The children of these returning Ugandans often speak Kiswahili as a first language, and are not conscious about it. And except for a conservative few, the older Ugandans who stay in Kenya and Tanzania for a long while have also learnt to love the language.
But it is the traders who are doing much more than expatriates in spreading Kiswahili.
“Every trader in around here has to learn Kiswahili if they are to survive in business,” Betty Namusoke, who sells plastic products in Kikuubo told me recently. “Traders from neighbouring countries are big players here and that is the only language they speak.”
Officials at the Ministry of East African Community Affairs in Kampala say that a few years ago awareness of regional business opportunities in Uganda was quite low compared to Kenya and to an extent Rwanda, but a number of interventions including awareness campaigns are redressing the situation.
These have alerted Ugandan traders to the extent that some now buy maize from as far as Kibaigwa market in central Tanzania for sale to Sudanese buyers who collect it from Kikuubo. Inevitably, they have to master Kiswahili to carry out their transactions.

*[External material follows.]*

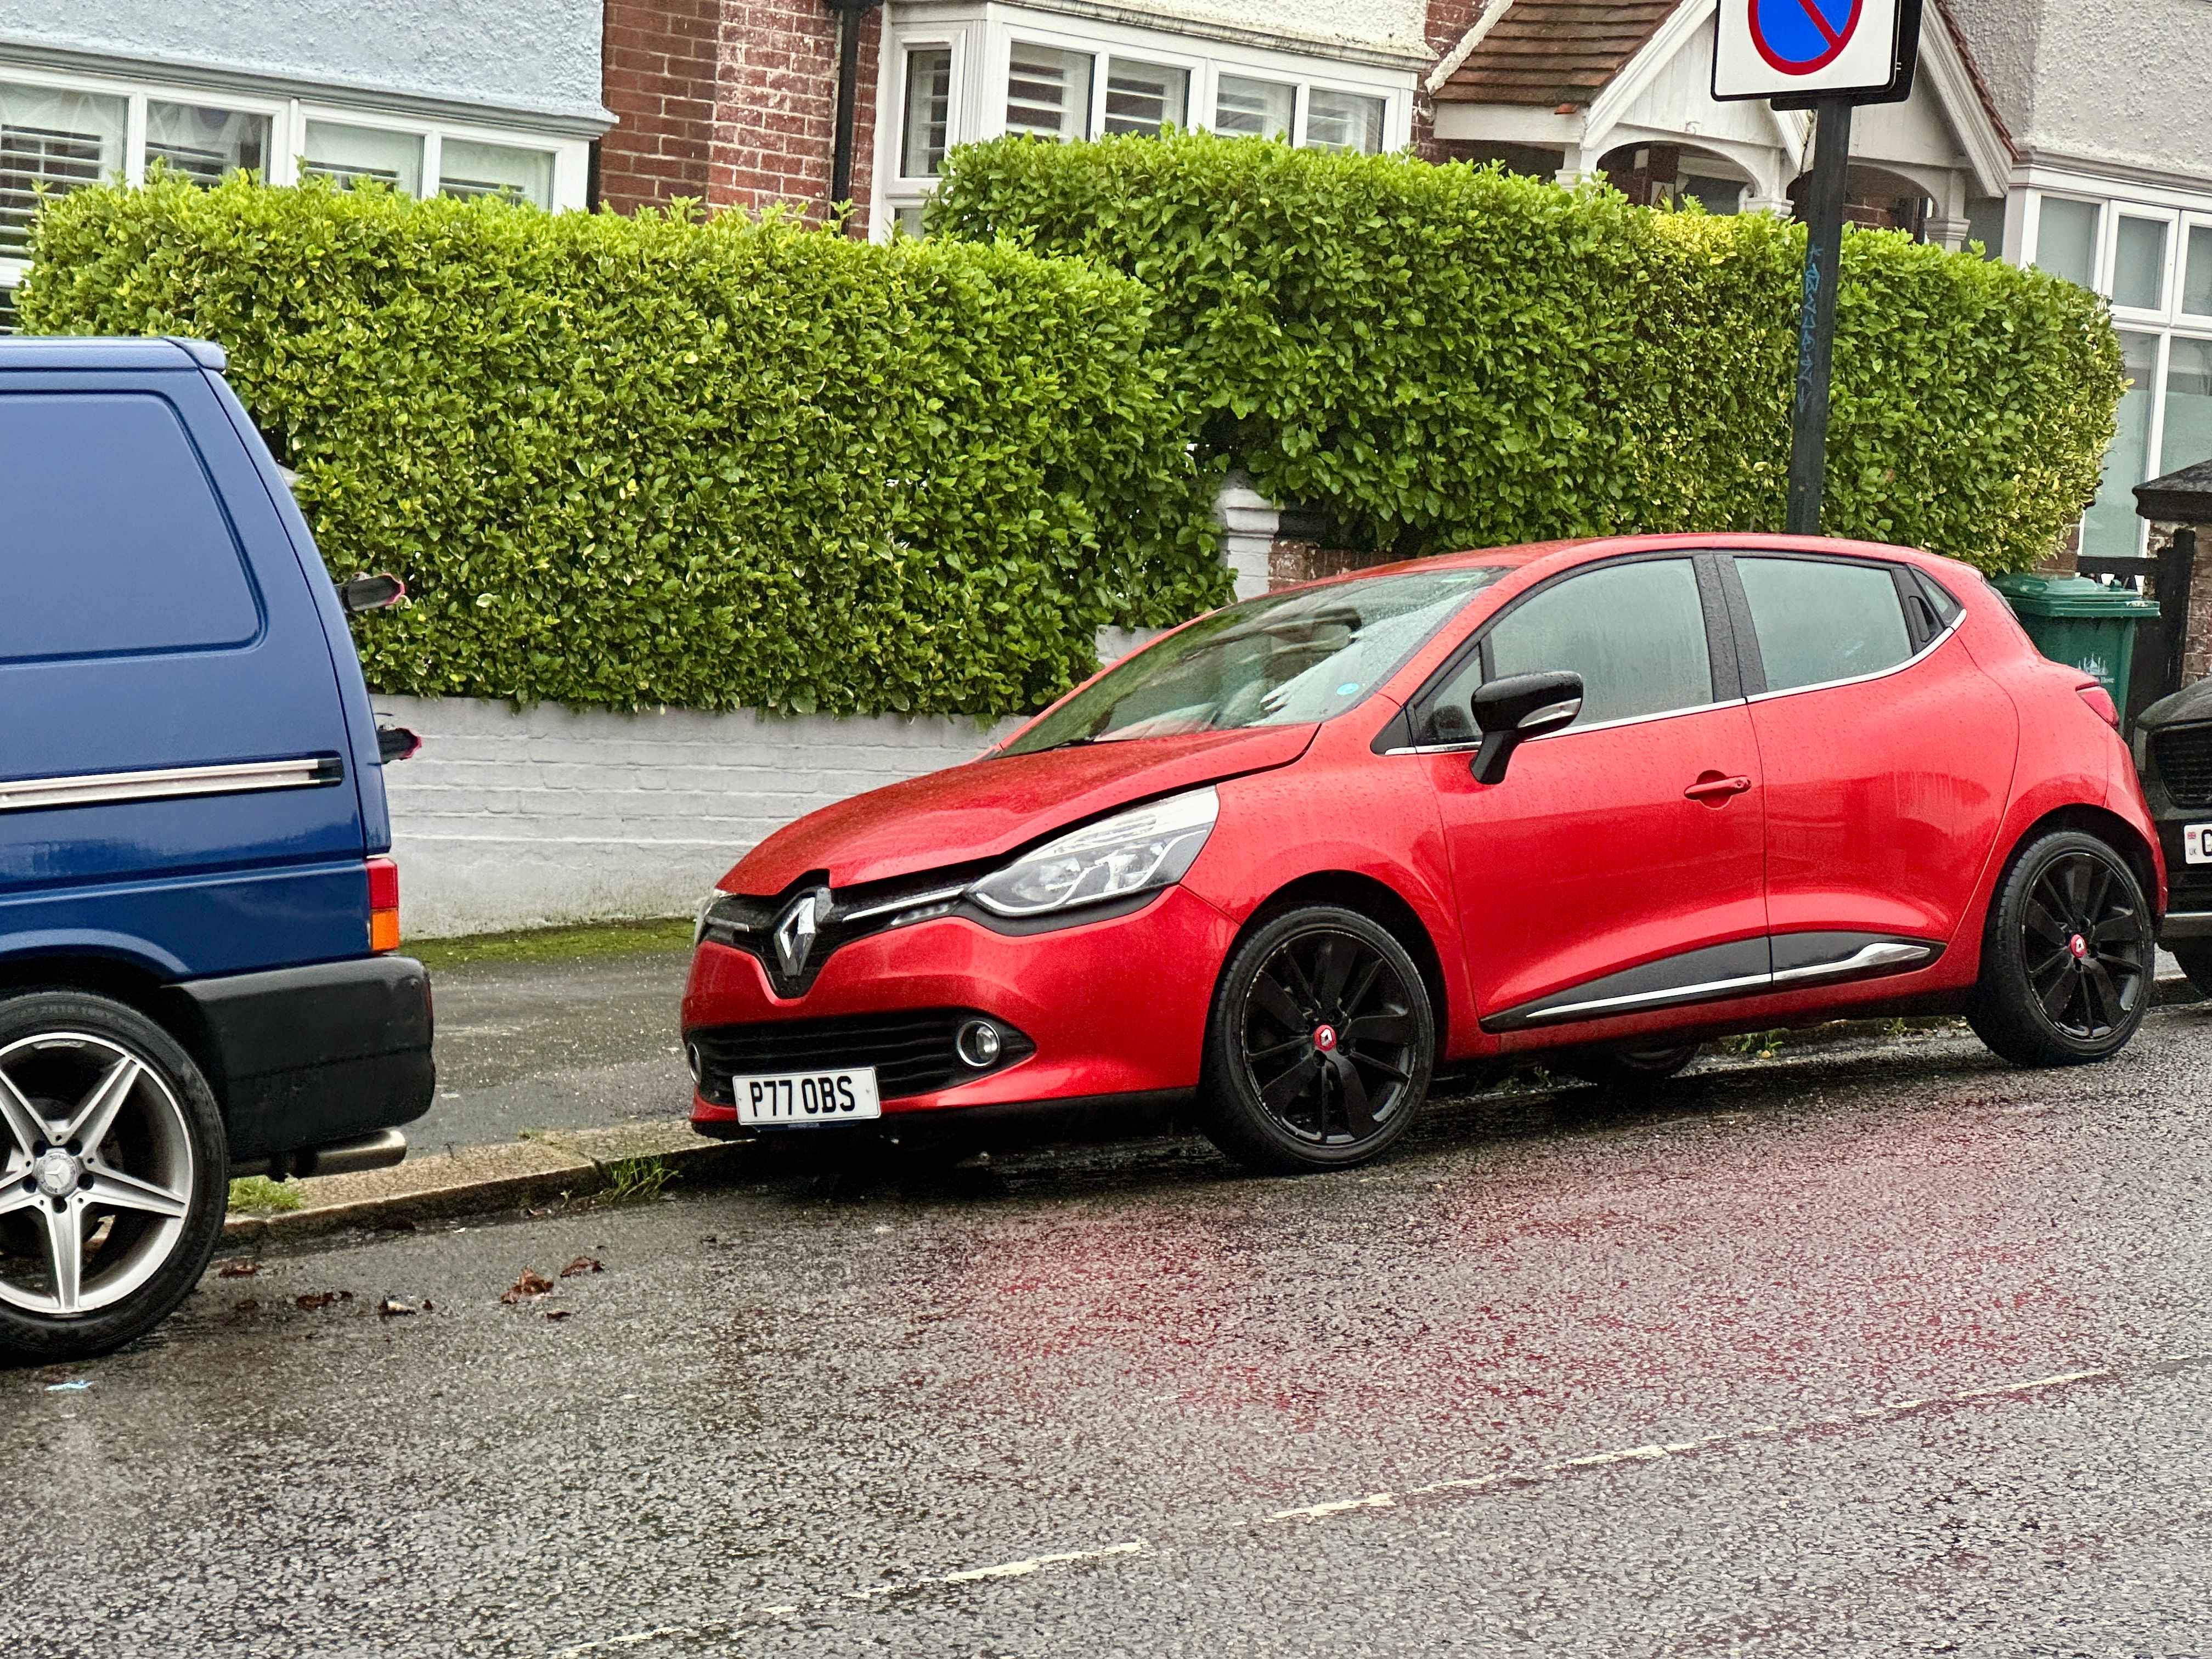 Photograph of P77 OBS - a Red Renault Clio parked in Hollingdean by a non-resident. The third of four photographs supplied by the residents of Hollingdean.

And it is not just those lifting sacks of produce that must speak the language in the trading world. As more people join the regional trade, the formal business sector is also following them for a piece of the action. All the major commercial banks in Uganda, for instance, have opened branches in Kikuubo in recent years, for that is where most money in the country is. So Kiswahili there is becoming as much a ‘corporate’ language as English.
And so the private sector is again winning where the state has been trying for nearly a century without success. From the colonial government, through the military government that decreed that Kiswahili becomes the national language, to the present government that used to plead with the people to learn it, none had managed to make Ugandans like Kiswahili, let alone try to learn it.
But the desire by musicians and the business community to profit from the opportunities of regional trade has achieved what even the brutal military government could not enforce.